Distributed query execution

With the introduction of Polars Cloud, we also introduced the distributed engine. This engine enables users to horizontally scale workloads across multiple machines.

Polars has always been optimized for fast and efficient performance on a single machine. However, when querying large datasets from cloud storage, performance is often constrained by the I/O limitations of a single node. By scaling horizontally, these download limitations can be significantly reduced, allowing users to process at scale.

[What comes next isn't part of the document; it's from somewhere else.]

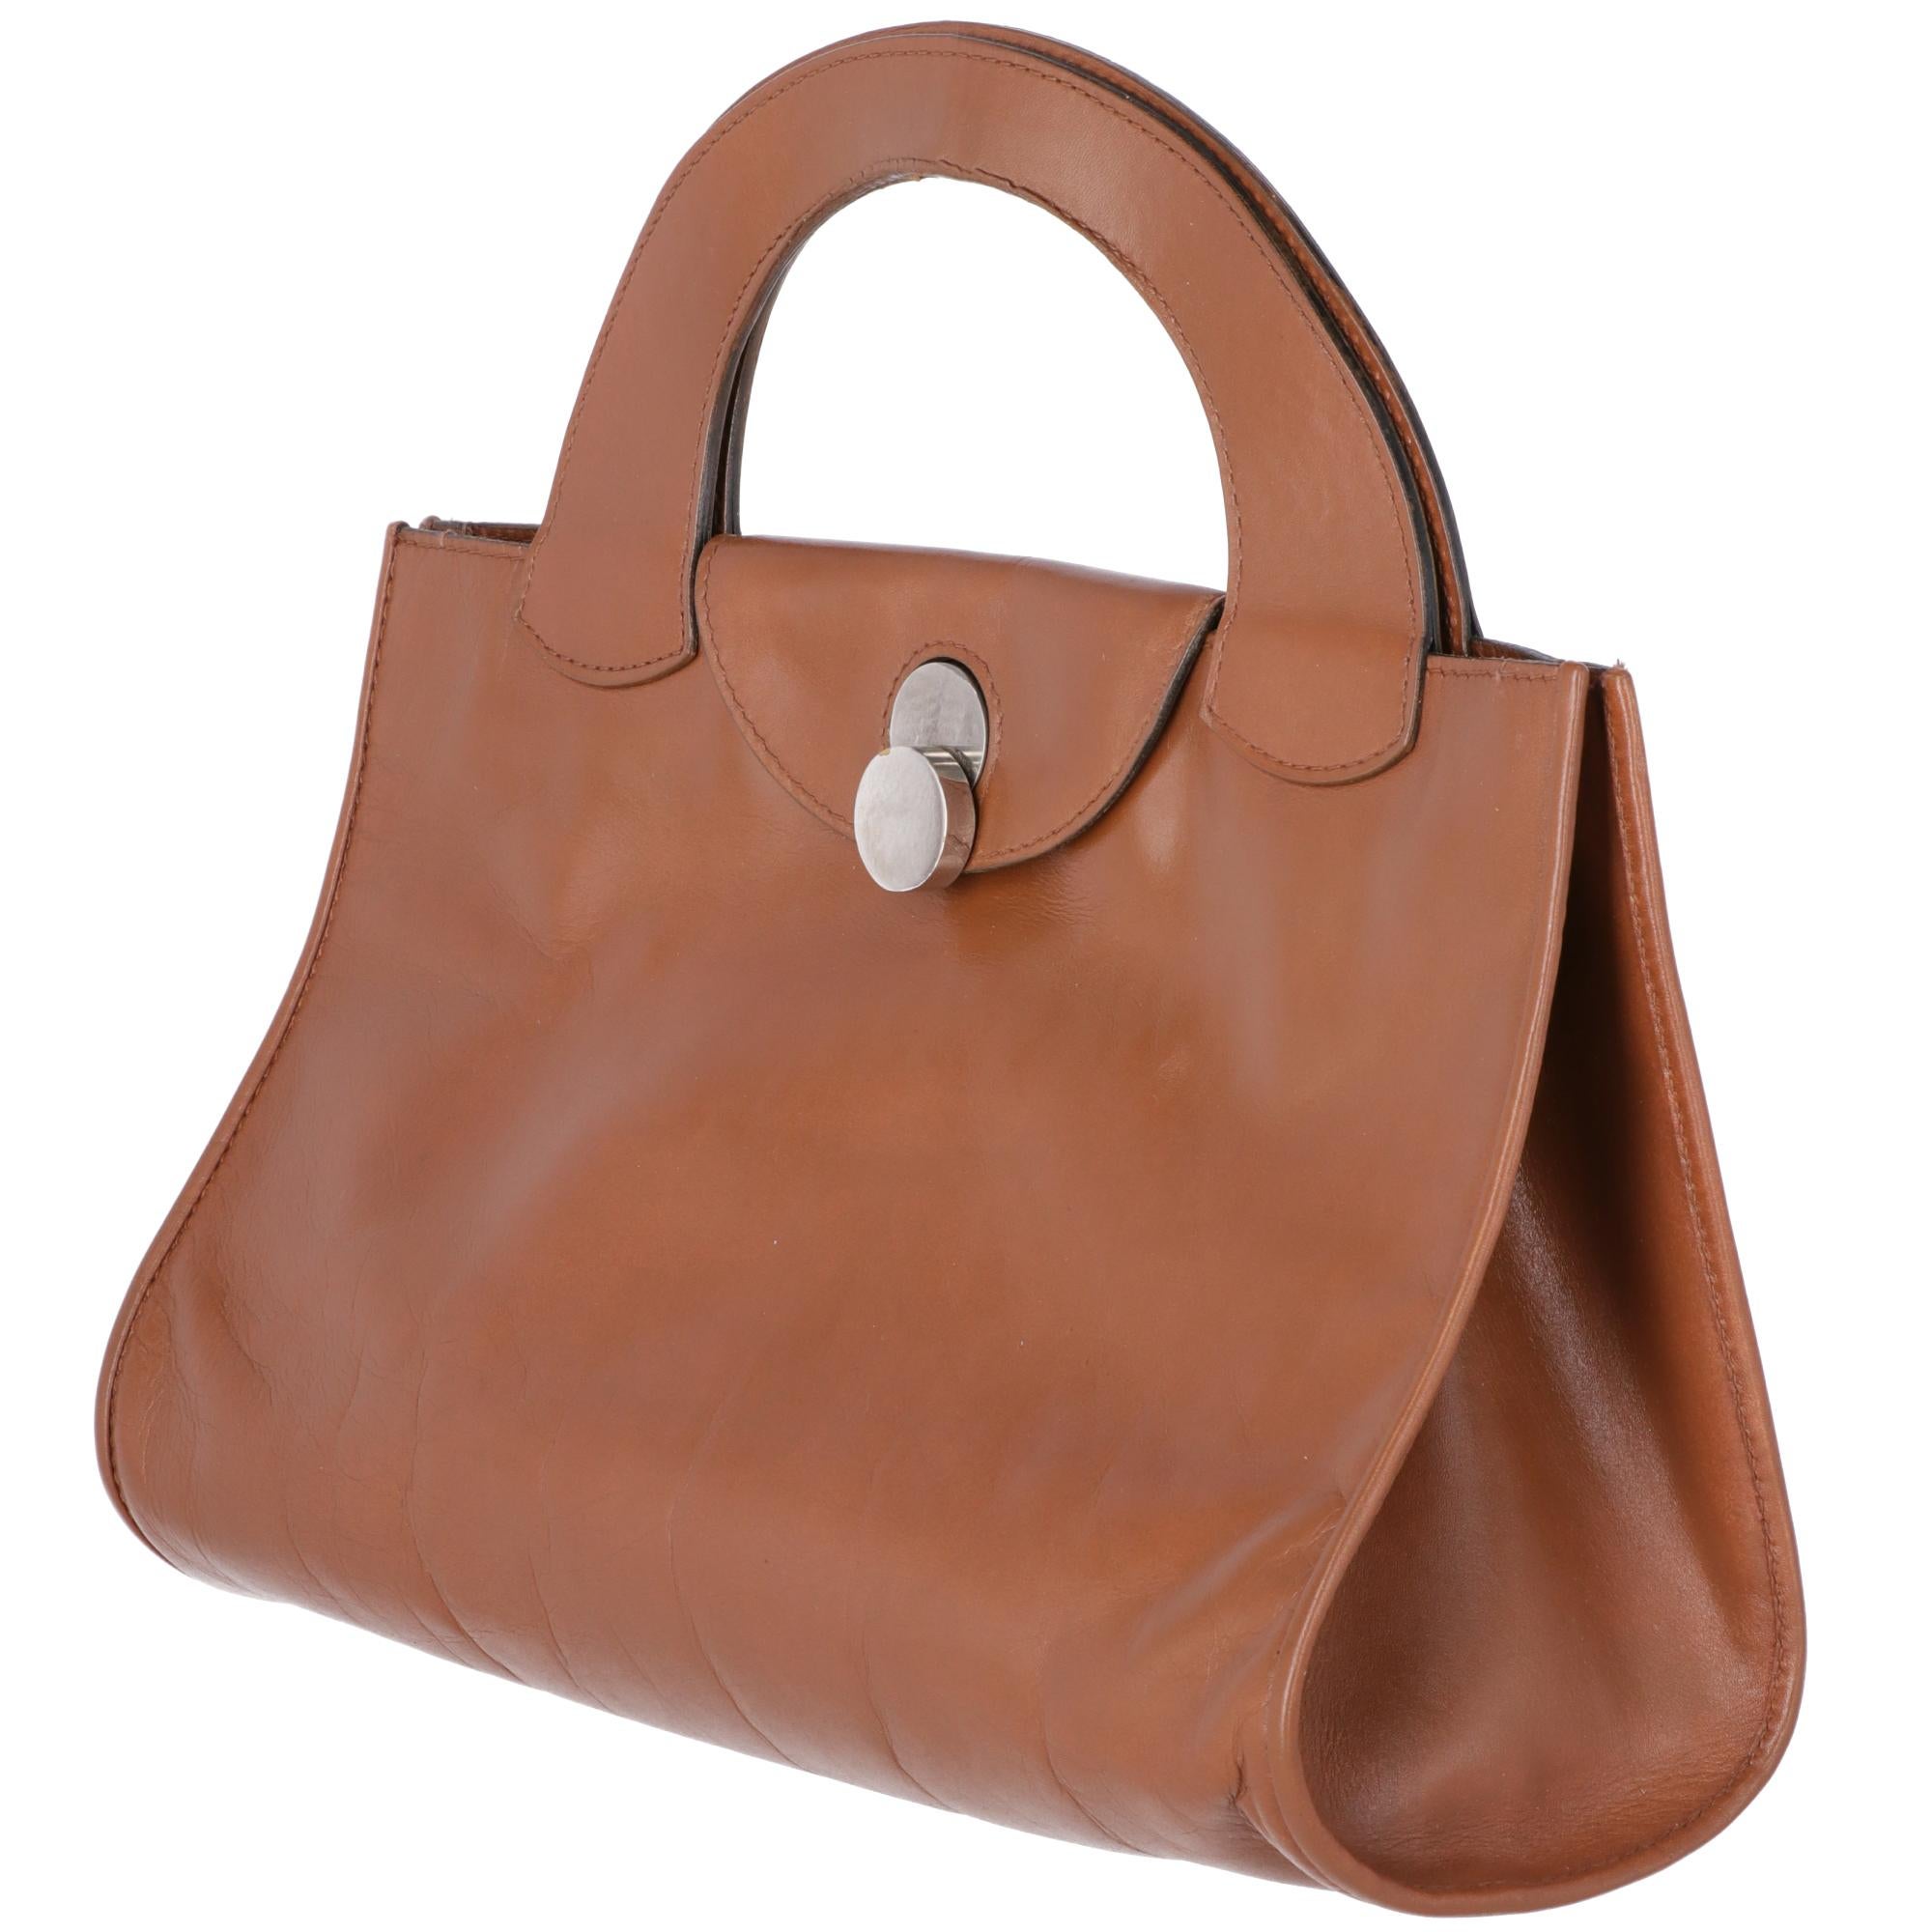 Gherardini brown leather hand bag with leather flap and metal rolling closure. Leather lining with two patch pockets, one opened and the other one with zip.

The bag has slight signs of use on the metal details, wrinkles on the leather and internal

Distributed engine is in early stage

The distributed engine is in its very early development. It currently runs all PDS-H benchmarks. Major performance improvements will be introduced in the near future. When a operation is not available in a distributed manner, Polars Cloud will run that operation on single node.

Using distributed engine

To execute queries using the distributed engine, you can call distributed().

lf: LazyFrame

result = (
      lf.remote()
      .distributed()
      .collect()
)

Example

import polars as pl
import polars_cloud as pc
from datetime import date

query = (
    pl.scan_parquet("s3://dataset/")
    .filter(pl.col("l_shipdate") <= date(1998, 9, 2))
    .group_by("l_returnflag", "l_linestatus")
    .agg(
        avg_price=pl.mean("l_extendedprice"),
        avg_disc=pl.mean("l_discount"),
        count_order=pl.len(),
    )
)

result = (
    query.remote(pc.ComputeContext(cpus=16, memory=64, cluster_size=32))
    .distributed()
    .sink_parquet("s3://output/result.parquet")
)